YOUR GOAL: In your copy of the data, omit the pictures and keep all else exactly as given.

DATA SHOWN:
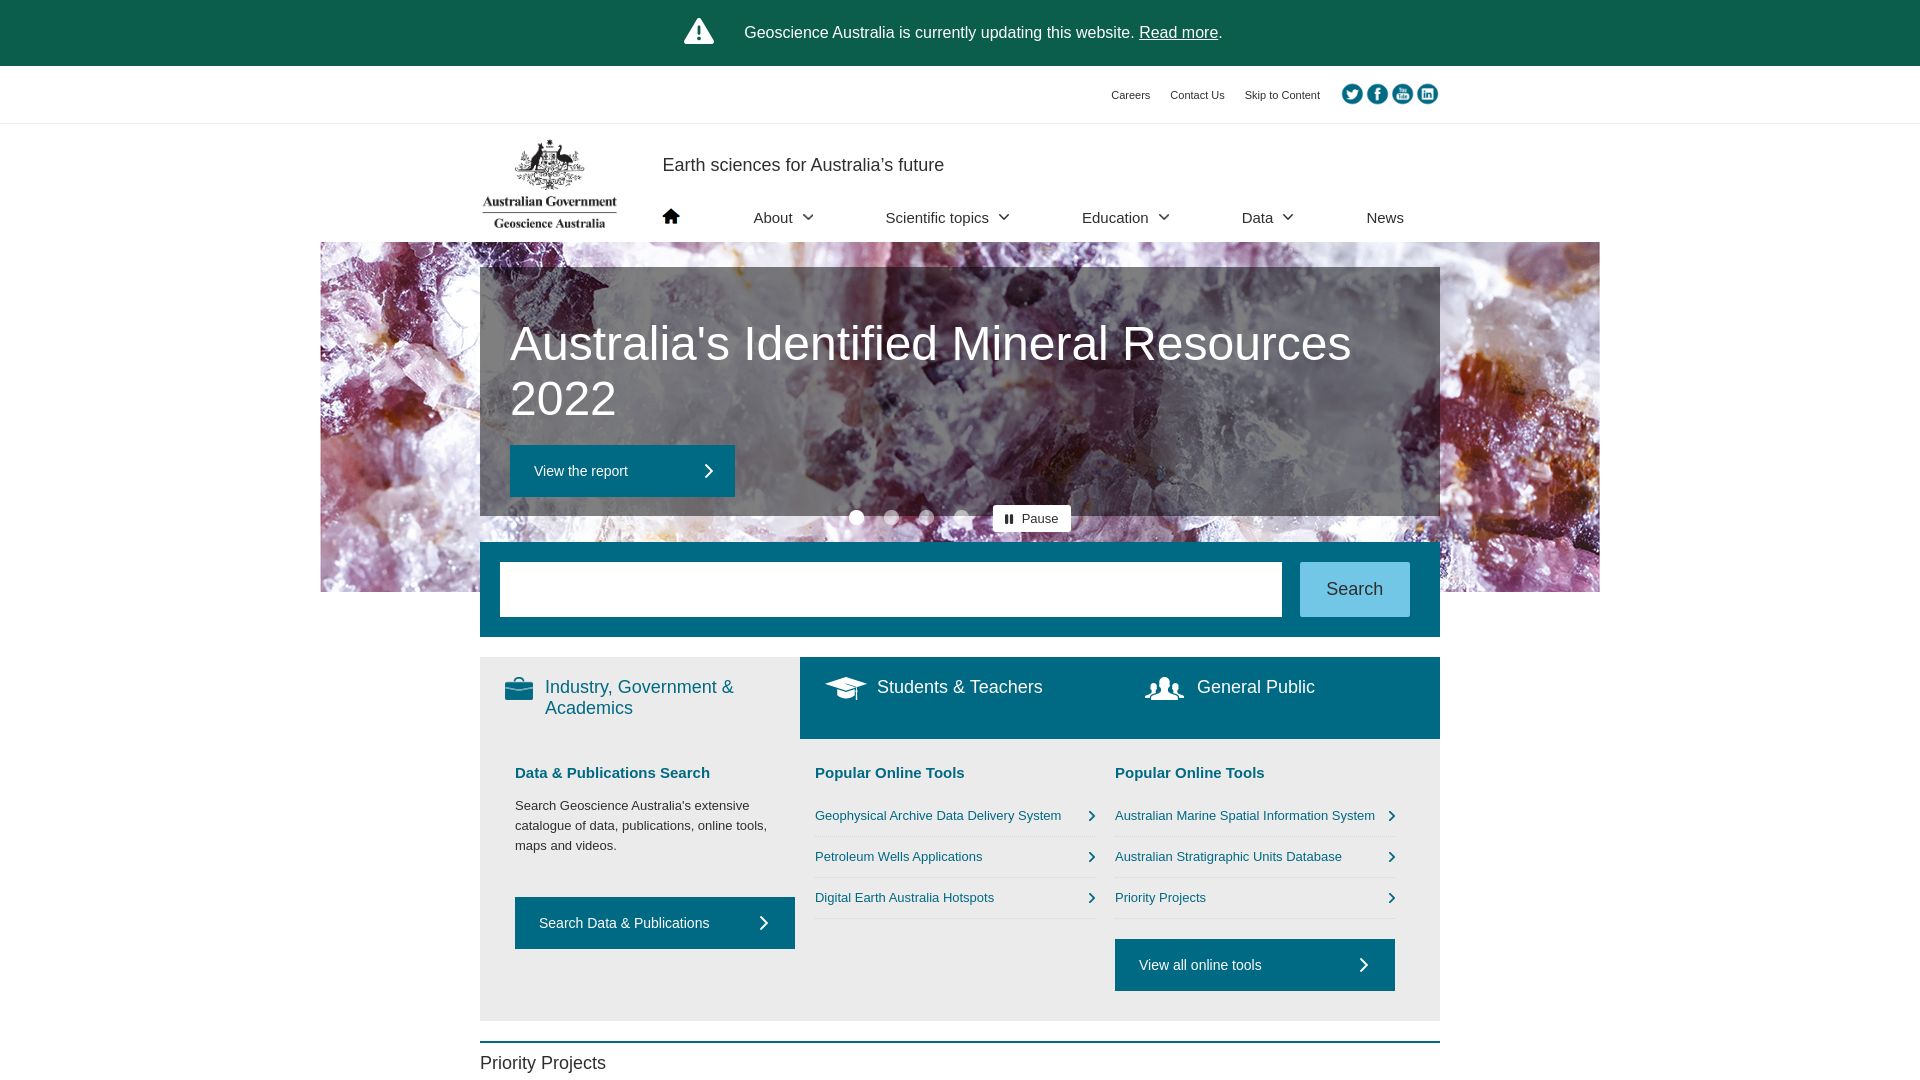 Website status ga.gov.au is   ONLINE
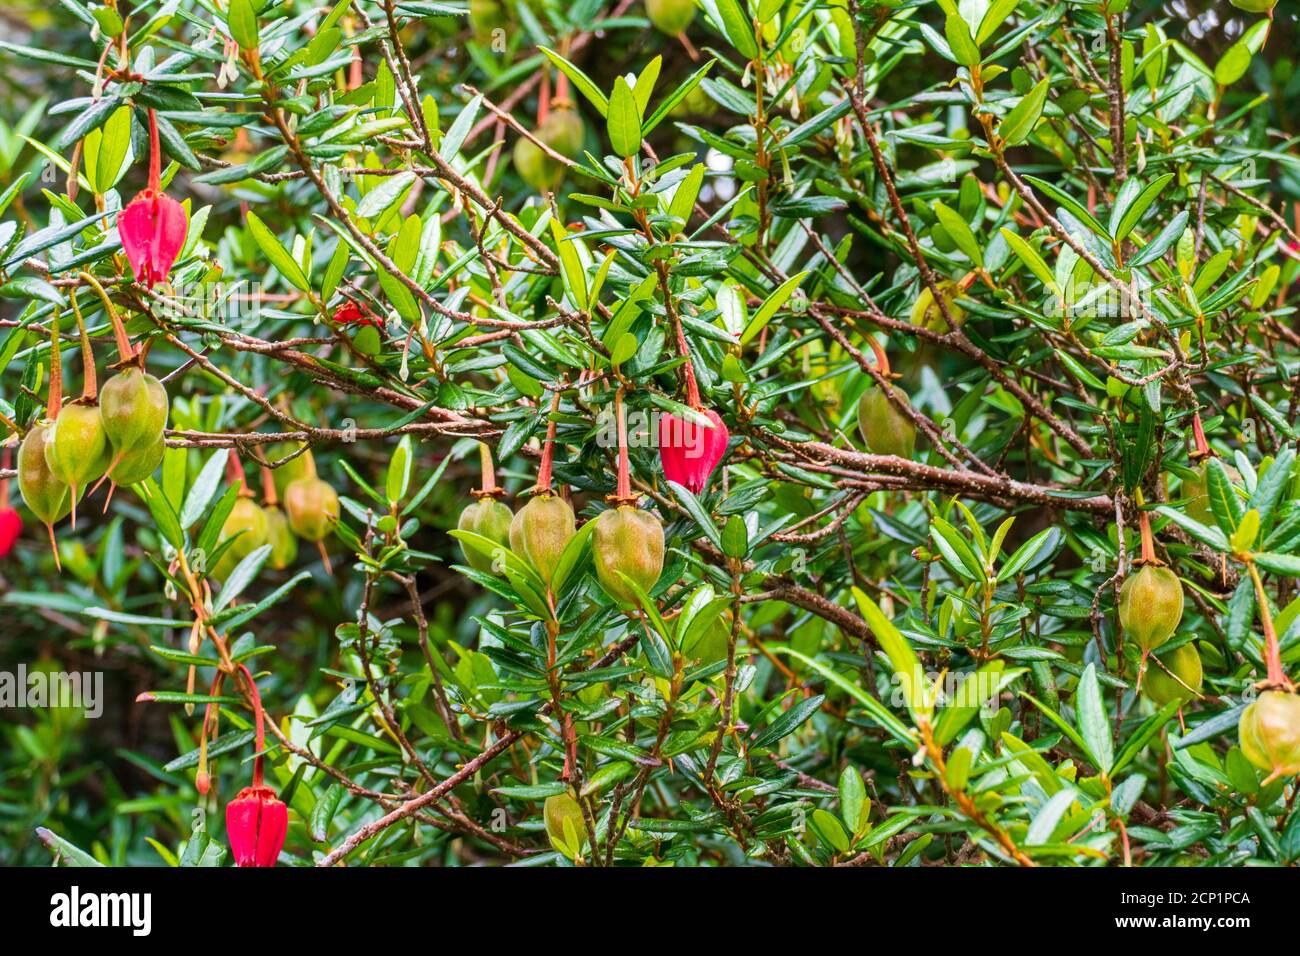 Laternenbaum, Chilean Lantern Tree, Crinodendron hookerianum mit kleinen roten Lampion Blüten Stock Photo
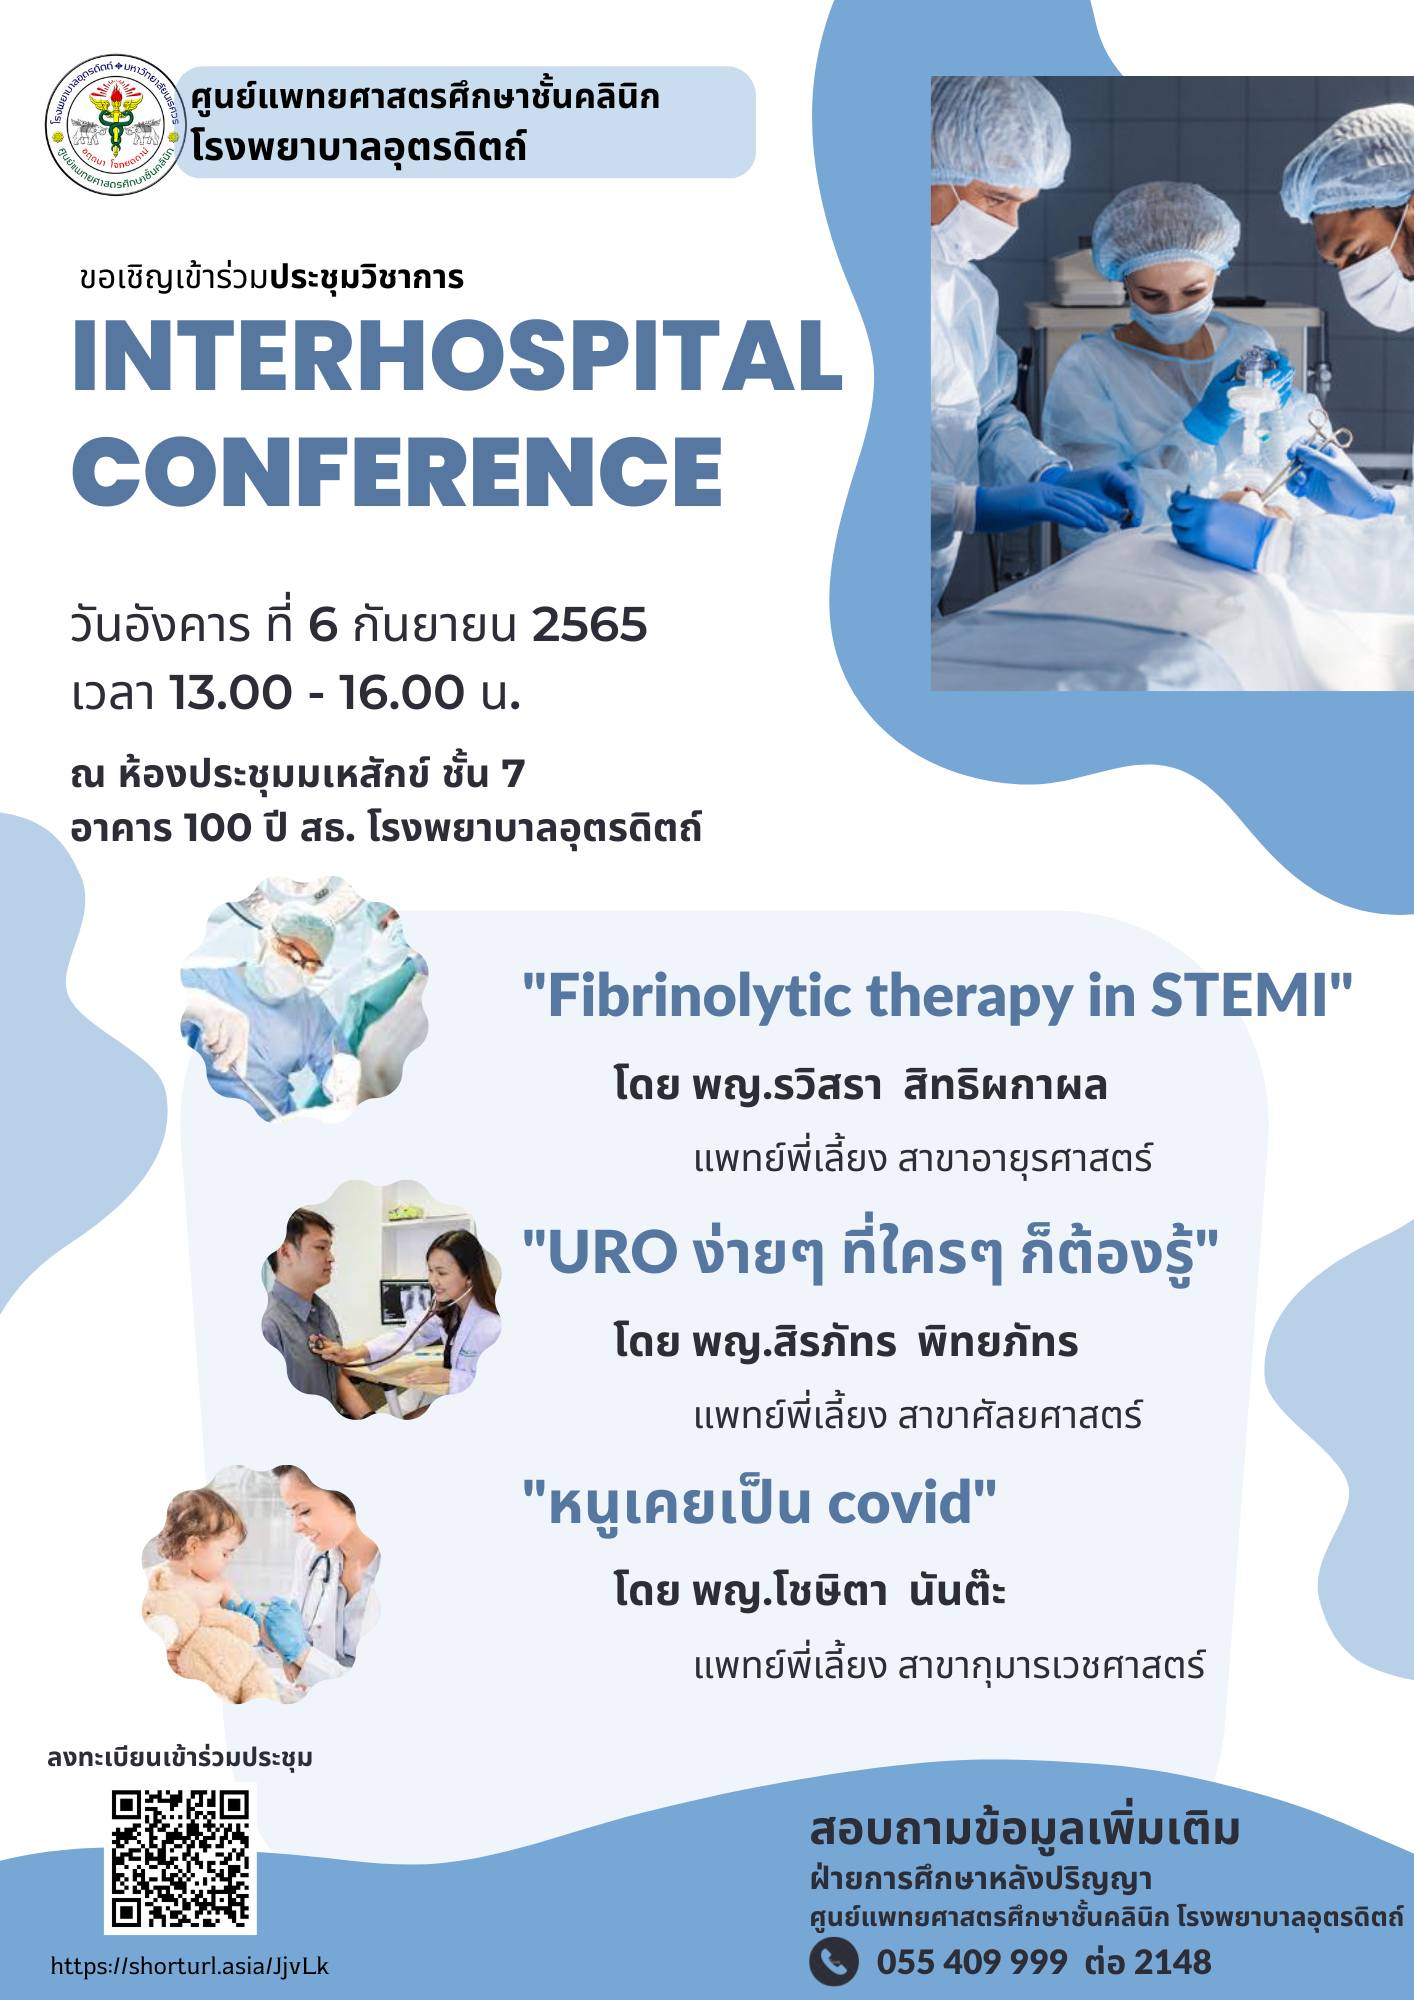 Interhospital Conference ครั้งที่ 1/2565
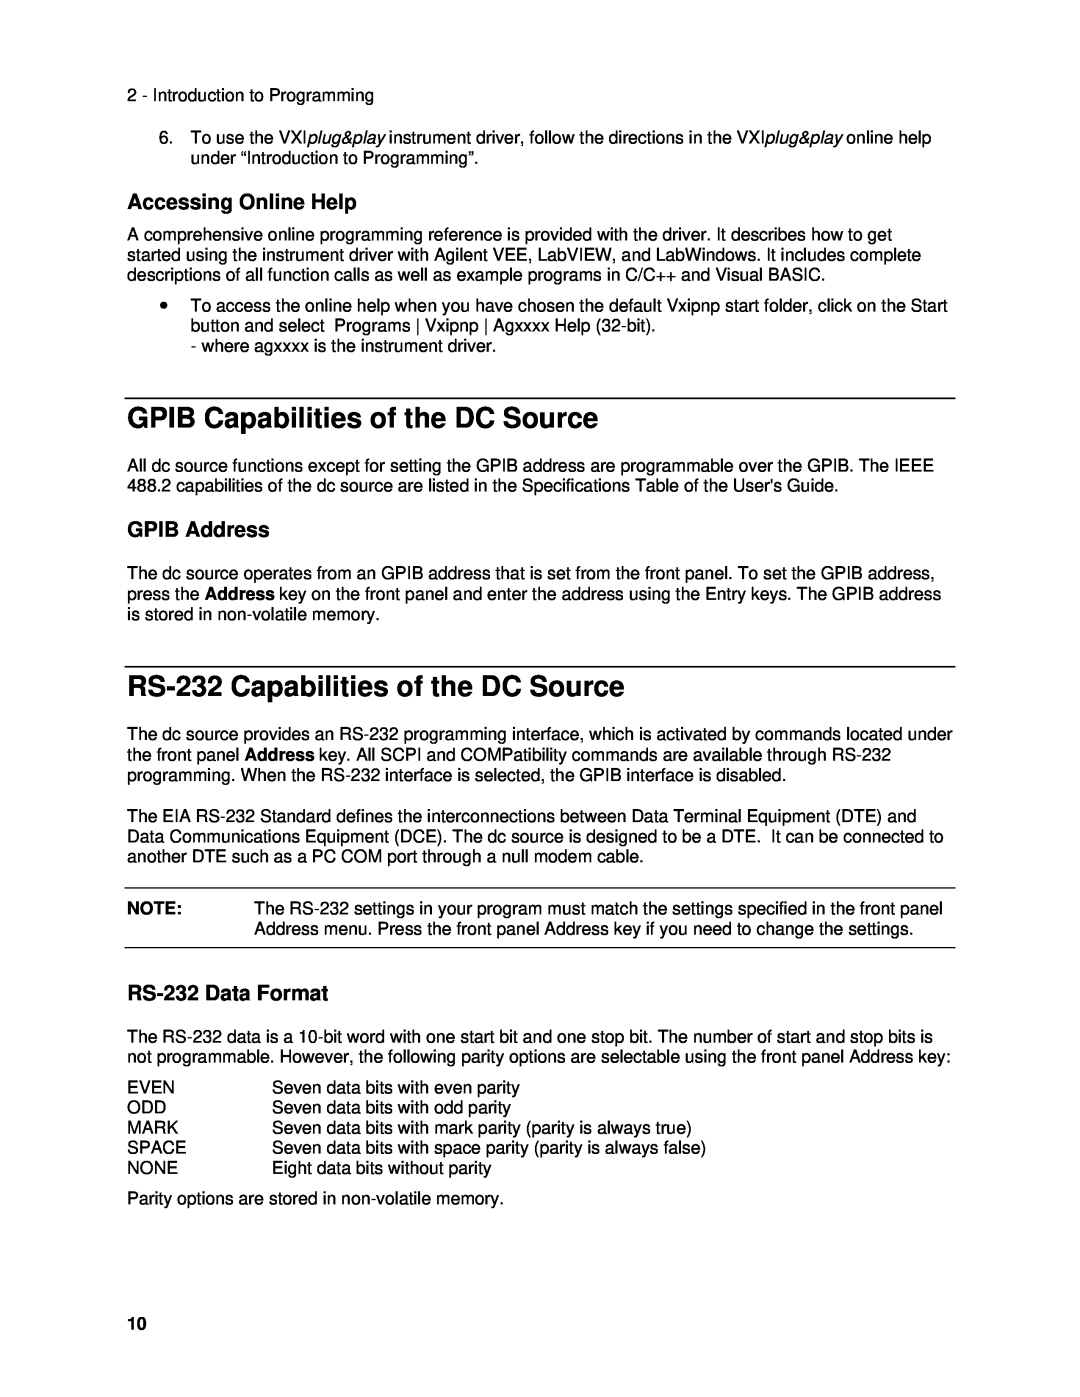 Agilent Technologies 6634B GPIB Capabilities of the DC Source, RS-232Capabilities of the DC Source, Accessing Online Help

SOLUTION:
 Website status ga.gov.au is   ONLINE
 Laternenbaum, Chilean Lantern Tree, Crinodendron hookerianum mit kleinen roten Lampion Blüten Stock Photo
 Interhospital Conference ครั้งที่ 1/2565
 Agilent Technologies 6634B GPIB Capabilities of the DC Source, RS-232Capabilities of the DC Source, Accessing Online Help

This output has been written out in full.